Marguerita d’Oingt († 11. Februar 1310) war eine französische Ordensfrau, Mystikerin und Schriftstellerin auf Lateinisch und Frankoprovenzalisch.
Leben und Werk
Marguerita d'Oingt stammte aus der Familie der seit dem 11. Jahrhundert erwähnten Herren von Oingt, eines Dorfes in der heutigen Gemeinde Val d’Oingt im Beaujolais, etwa zwanzig Kilometer nordwestlich von Lyon. Ihr Vater war Guichard d’Oingt, wie aus dessen Testament vom Jahr 1297 hervorgeht, das eine Vergabung an seine Tochter enthält, und ihre Mutter hieß ebenfalls Marguerita. Ihre fünf Geschwister waren Guichard, Louis, Catherine, Agnes und Isabelle. An den Innenwänden der ehemaligen Burgkapelle von Oingt, der heutigen Pfarrkirche der Ortschaft, sind Porträtskulpturen des 13. Jahrhunderts erhalten, die diesen Personen zugeschrieben werden; somit dürfte eines der seltenen Bildnisse die Nonne und Autorin Marguerita d'Oingt darstellen.
Das Geburtsdatum Margueritas ist nicht bekannt. Sie trat dem Kartäuserorden bei und wurde 1288 als vierte Priorin der 1238 gegründeten Kartause Poleteins eingesetzt, die auf dem Gebiet der Gemeinde Mionnay (Département Ain, nordöstlich von Lyon) bis im 17. Jahrhundert bestand. Nach ihrem Tod am 11. Februar 1310 genoss Marguerita d'Oingt in der Region des Beaujolais bis zum Ende des Ancien Règime eine hohe Verehrung.

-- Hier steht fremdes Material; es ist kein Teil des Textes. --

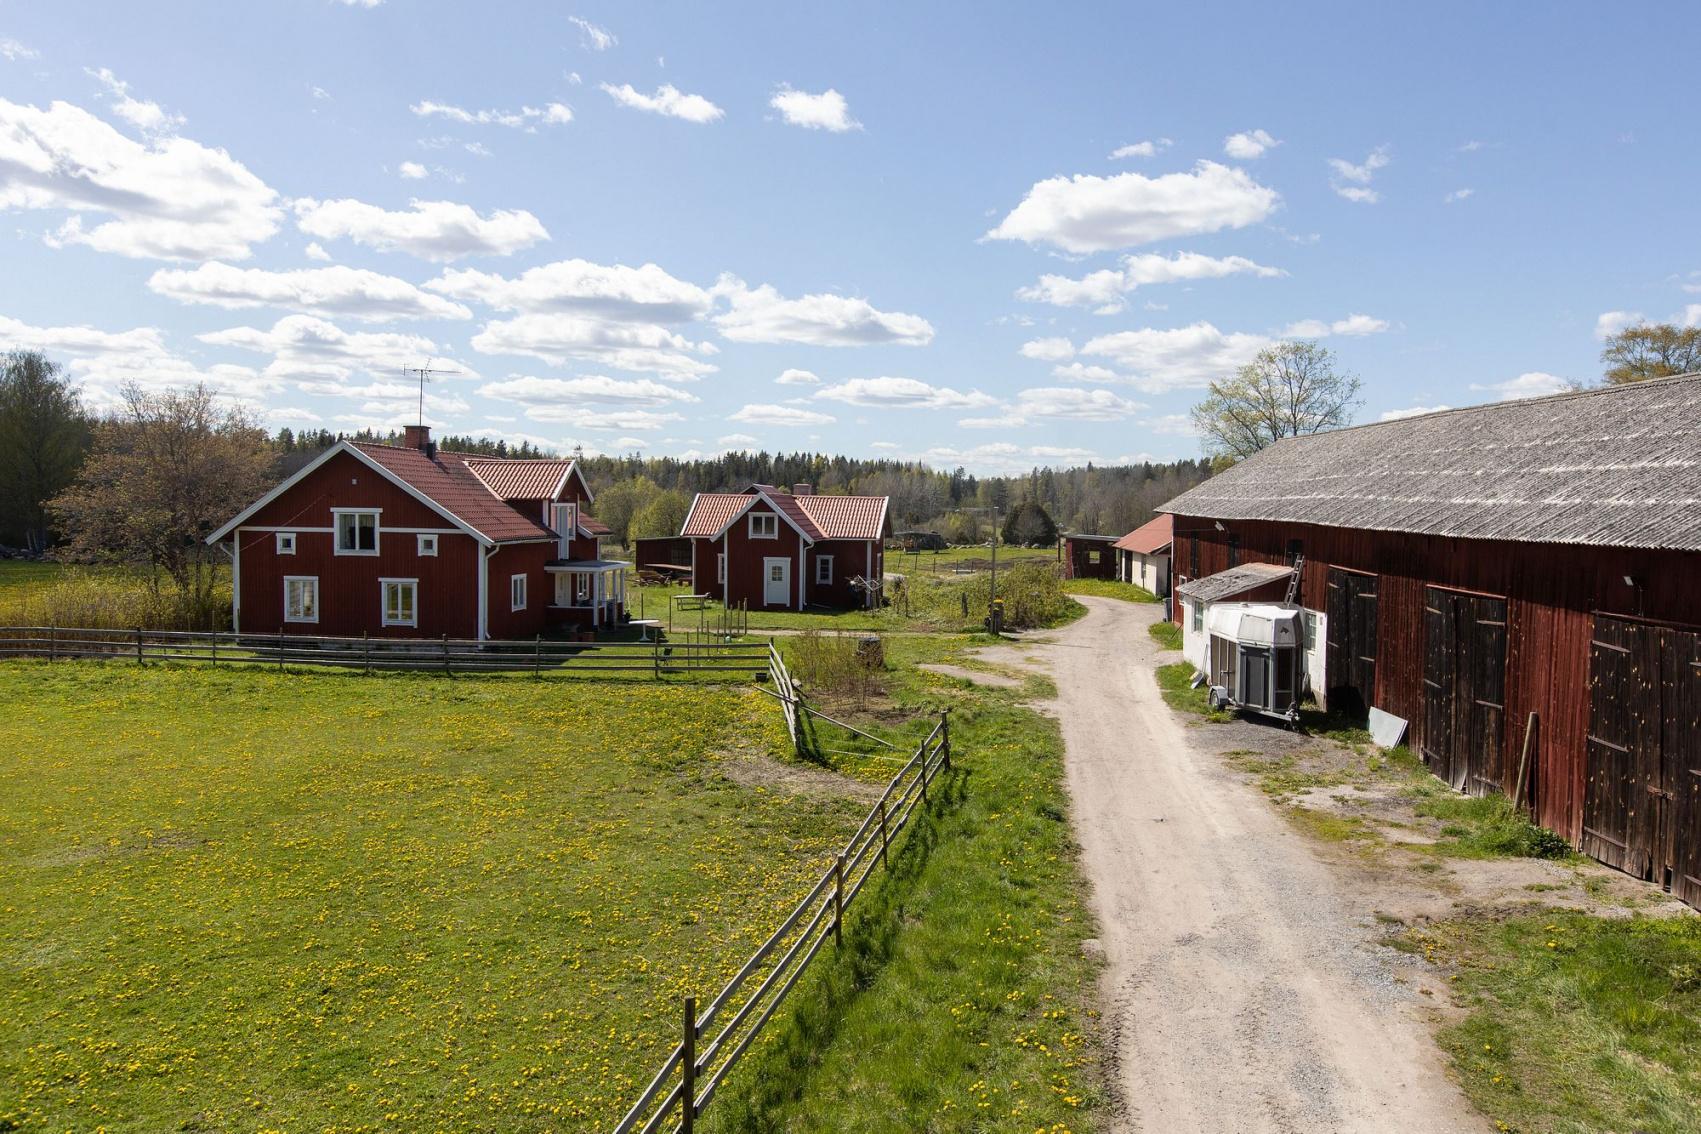 Grd i Smara, Edsbro - Carlsson Ring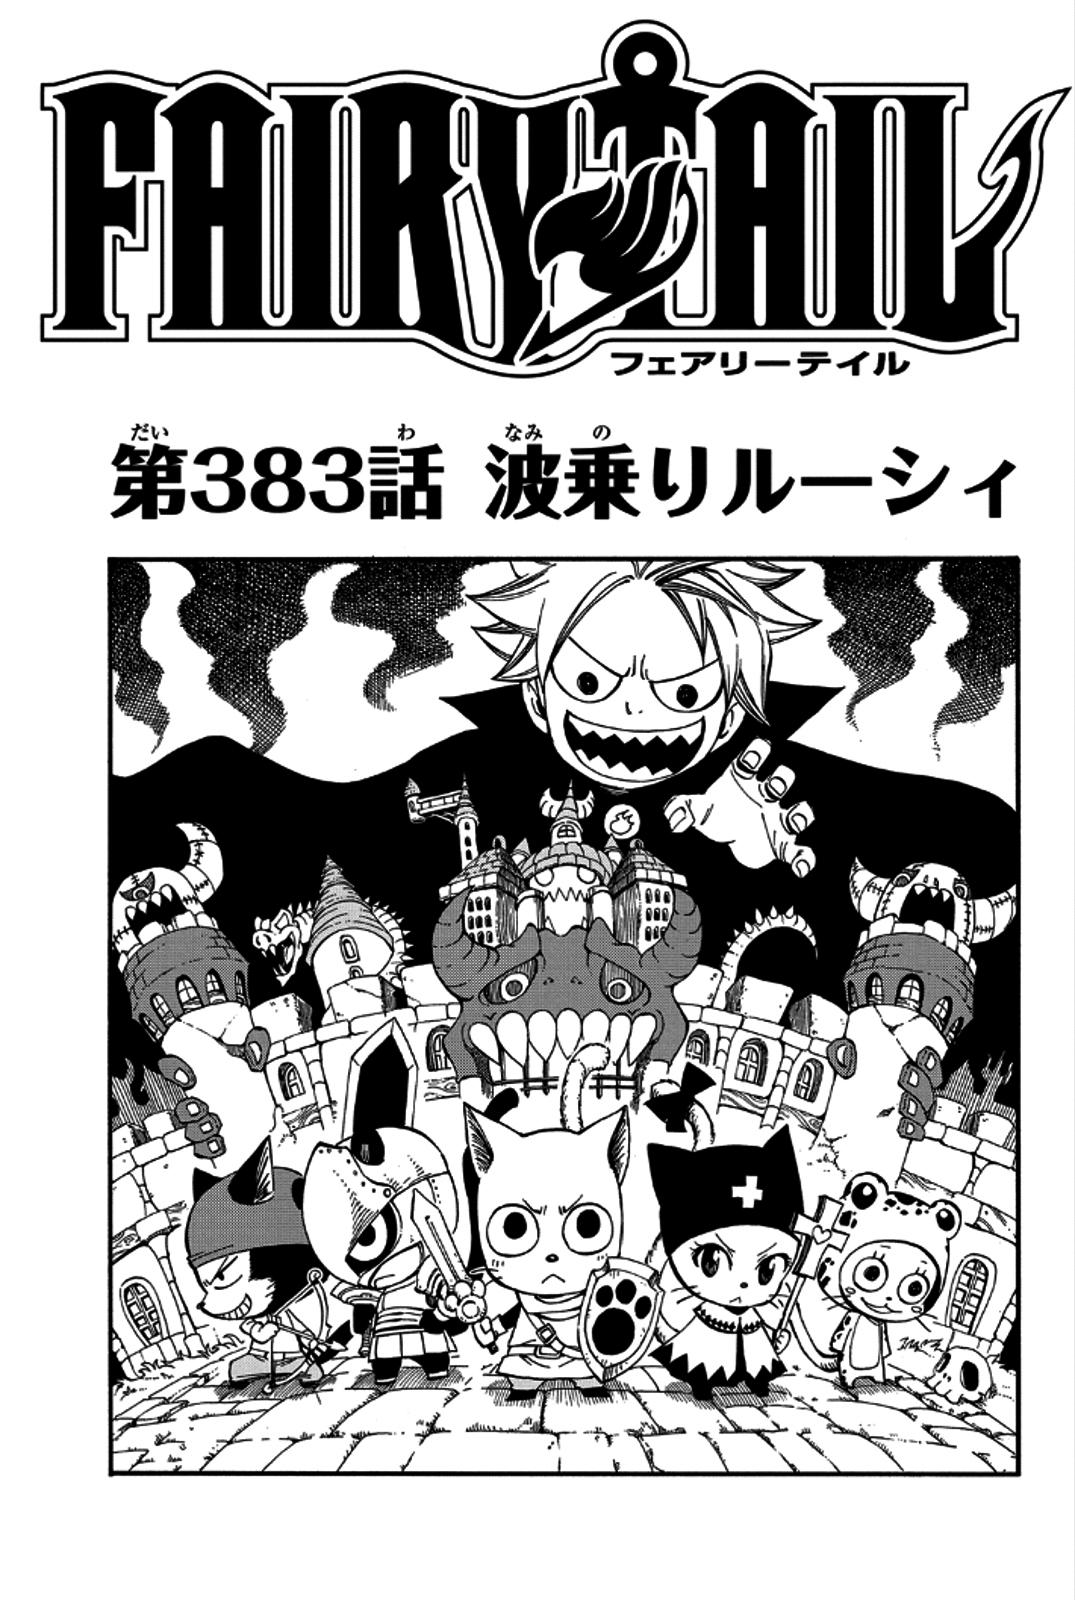 Chapter 383 Fairy Tail Wiki Fandom Powered By Wikia

In den 1280er Jahren entstanden die ersten Schriften von Marguerita d'Oingt. Sie zählt zusammen mit Marie de France (1160–1210) und Christine de Pisan (1364–1430) zu den frühesten heute bekannten Schriftstellerinnen Frankreichs. Als gebildete Ordensfrau verfasste sie 1286 eine lateinische Andachtsschrift mit der Überschrift Pagina meditationum.
Ihre beiden umfangreichen Werke Li Via seiti Biatrix, virgina de Ornaciu und Speculum sind literatur- und sprachgeschichtlich von großer Bedeutung, stellen sie doch die ältesten bekannten Texte der frankoprovenzalischen Literatur dar. Ersteres ist eine hagiographische Lebensbeschreibung der Kartäuserin Béatrice d'Ornacieux, und der Speculum, zu Deutsch «Spiegel», gehört zu der im Mittelalter verbreiteten literarischen Textgattung der Lehrdichtung. Das Generalkapitel des Kartäuserordens genehmigte die mystischen Texte der Priorin von Poleteins als mit den Ordensgrundsätzen übereinstimmende Schriften.
Literatur
- Marguerite d'Oingt. Expériences mystiques et récits édifiants Textes rédigés en francoprovençal et en latin par une moniale du XIIIe siècle. Dreisprachige Ausgabe, Frankoprovenzalisch und Lateinisch mit französischer Übersetzung. Lyon 2012.
- Édouard Philipon (Hrsg.): Œuvres de Marguerite d’Oyngt, prieure de Poleteins, publiées d’après le manuscrit unique de la Bibliothèque municipale de Grenoble. Lyon 1877.
- Antonin Duraffour, Pierre Gardette, Paulette Durdilly (Hrsg.): Les Œuvres de Marguerite d'Oingt. Paris 1965.
- Renate Blumenfeld-Kosinski: The writings of Margaret of Oingt, Medieval Prioress and Mystic. Rochester NY 1990.
- Bruno Galland: La seigneurie d'Oingt au Moyen Âge. In: Chroniques du pays beaujolais. Bulletin de l'Académie de Villefranche-sur-Saône 1989–1990, 1991, S. 57–72.
- Sergi Sancho Fibla: Escribir y meditar. Las obras de Marguerite d'Oingt, cartuja del siglo XIII. Madrid 2018.
Einzelnachweise
- ↑ Archives nationales, Paris, P 1360, Nr. 888.